As to his plan for April 28, he said he hopes to "be able to go to where the justices' concerns or questions or comments suggest" — a chance he will have since he will take to the podium 90 minutes into the two-and-a-half hours of arguments.
While he said that the recognition question presents "a distinctive harm" to his clients because it amounts to Tennessee "destroy[ing], as a legal matter, families and marriages that have already been created," he also said he does not expect the court to reach different answers on the two issues because "the arguments that the states have made are the same on both" questions.
"One of the things that I hope the justices appreciate is that this is not an issue that only affects — we are very clear in our brief that this is not about 'gay marriage' … it's not a different kind of marriage, it's about marriage and about allowing people who love each other to join in that institution," he said. "It's about my family members, my friends, my children.
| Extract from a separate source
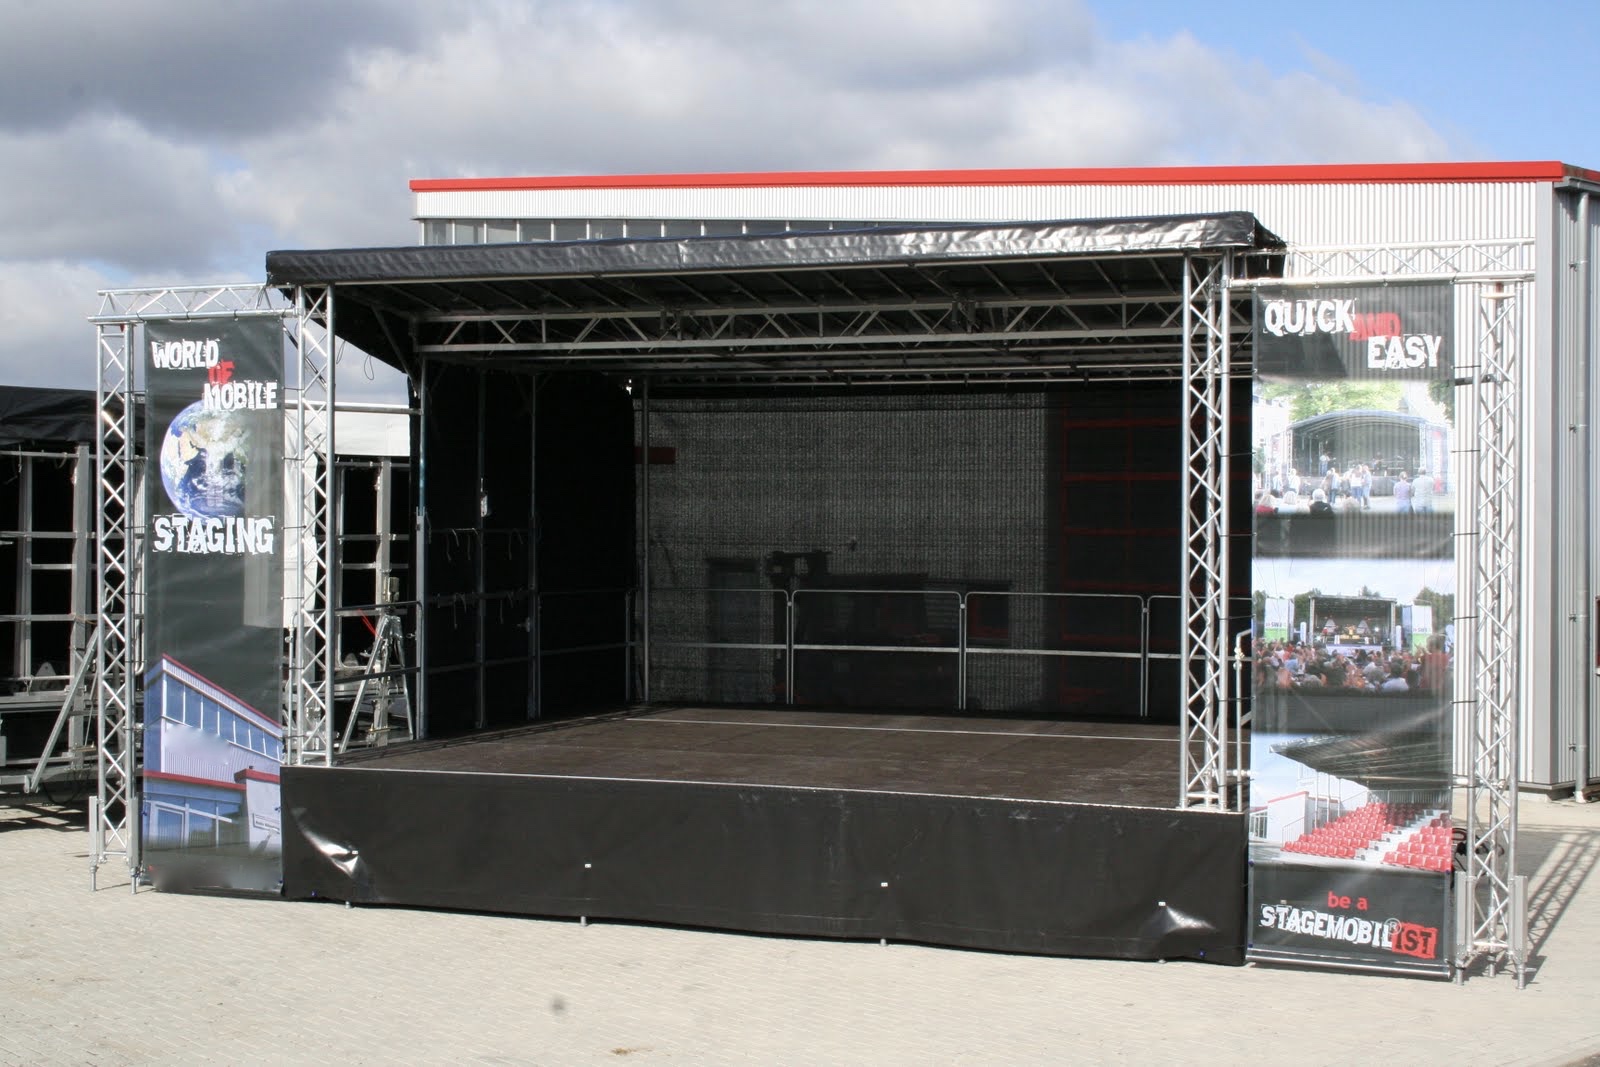 2019 Stagemobil Oberpfalz

It affects me as it affects others."
More than that, Doug Hallward-Dreiemeier knows that — while there are no cameras in the courtroom — the audio set to be released that day will be listened to by same-sex couples across the country, looking for signs about whether they will be able to marry or have their marriage recognized elsewhere once a decision comes down.
"It is a huge, huge honor," he said, "and I sense the hopes and aspirations of so many people that are at stake here. That's something I carry with me. And I'm just going to do everything I can."